Silver = harder to define, as it is a rarer and more elusive type of character. Tends to be quiet and keeps to himself, generally observing and not causing a scene. Is the 'calm one' whom many dismiss and don't treat as a danger (wrongly). Can be rather manipulative and casual about it, but is generally dedicated to whatever ideal/ethical system he follows. Won't let himself be seen or understood very easily, but doesn't bluster or bluff with coldness or violence. Is polite to a fault & can smile insincerely in many different ways; is a master of insulting you so subtly you don't know you've been insulted.
    Rather manipulative and generally emotionally weak, but thinks he's more mature than everyone around him. Tends to fall for fiery, emotional types that drive him insane, but also get him to open up and be more spontaneous and genuine.
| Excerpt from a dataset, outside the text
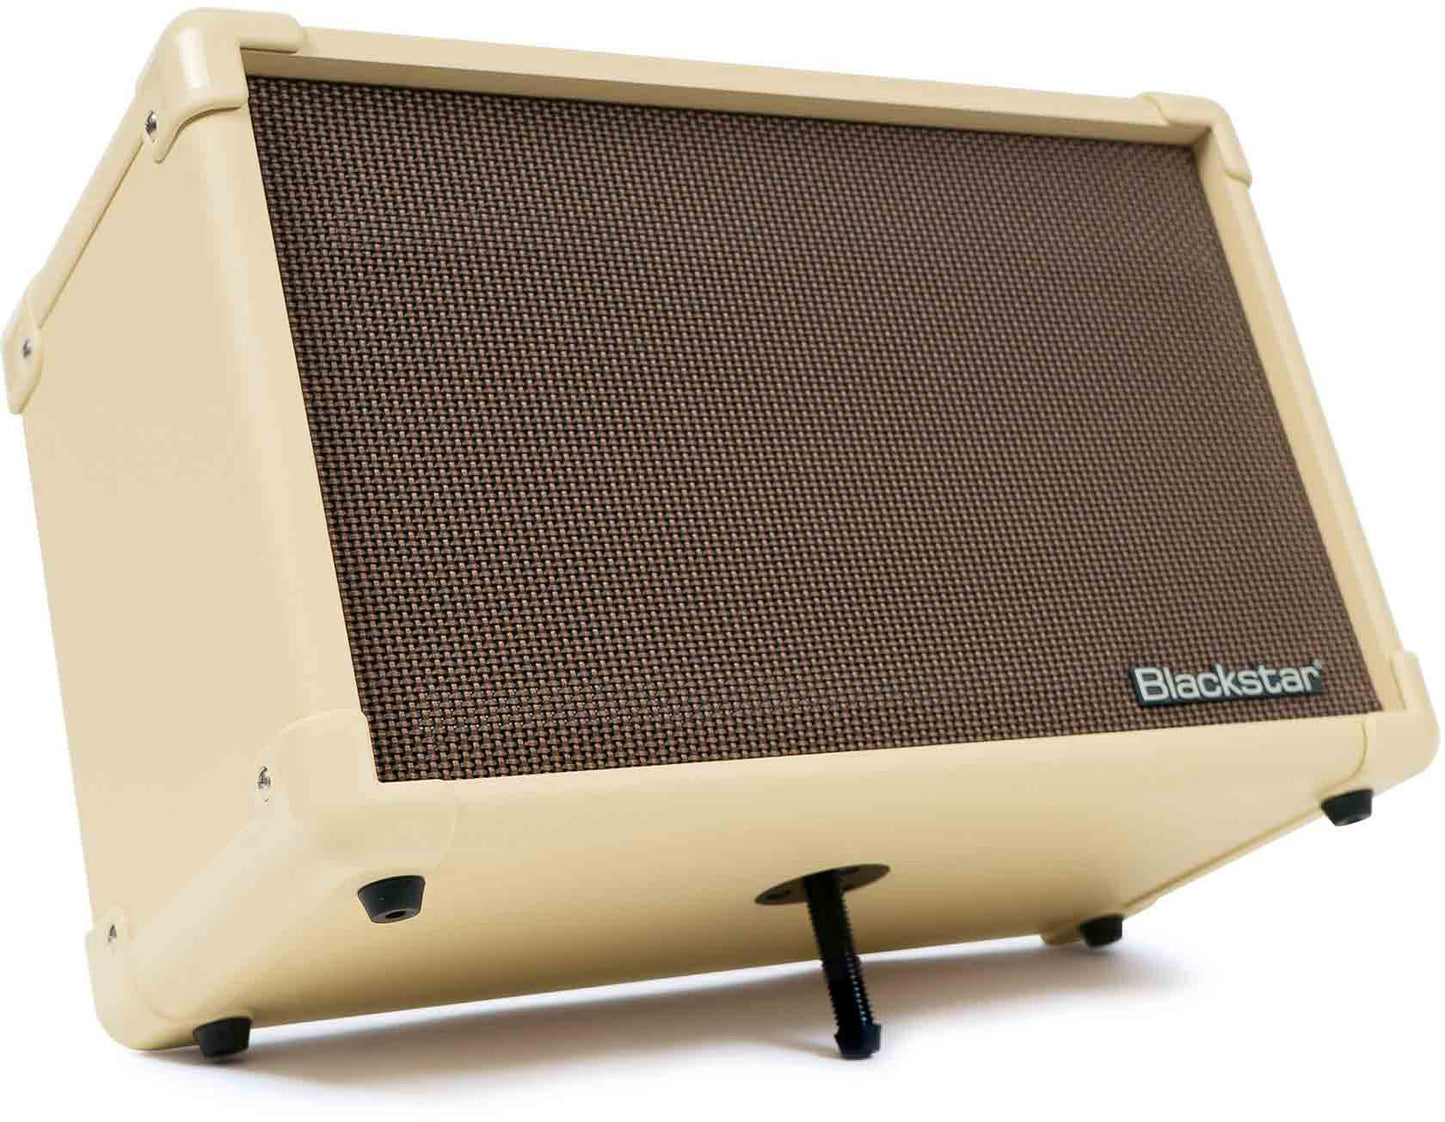 Blackstar Acoustic:Core 30 - 30 Watt Stereo Acoustic Combo Amplifier

Another characteristic is a tendency to give things up easily and forgive too easily while really keeping a score on some level at the same time. Is a gentleman on principle rather than any sort of desire to impress or be liked by everybody-- he often wants to be liked by those he finds worthy, and the rest just to fall into place and not bother him. Has the ability to get along with anyone and makes few enemies, but when he does, it's forever.
    Might be seen as a manifestation of the superego in some ways. Sort of.
~~

I just read this blog entry which gave me an interesting bit of perspective, being a tribute to all the 'nice' girls out there and the guys who complain that all the girls want mean guys & not them, whereas really they don't give the nice girls the time of day either. And I always feel chagrined when I remember this basic reality of existence, and how I always pair the nice ones with the mean ones and don't blink twice, and how that's just perpetuating the cycle of misunderstanding & misery in real life, because people have these sorts of unrealistic expectations of their actual love-lives.
    And all I can say is that I -know-, of course I know (being a nice girl myself, mostly) that it's not just the mean and tortured ones that need love, and of course I don't think being closed-off and emotionally immature should mean you can get away with anything (ie, emotional abuse). Life isn't fiction, as they say.
From: [identity profile] cellia.livejournal.com
I've probably plugged this before, but a fun book: Dangerous Men & Adventurous Women: Romance Writers on the Appeal of the Romance . Very readable and touches on some of this stuff (often saying it better than I could). For me, Domyoji is so striking because he was my humbling experience that, yes, I too could fall prey to the "Bastard Complex" that's so prevalent in manga/anime (my little name for loving the guy who's nice to you at times, but rude to the waiter... & everyone else). Maybe his woundedness offends me less/ is smexy somehow compared to other "dark heroes'" darkness?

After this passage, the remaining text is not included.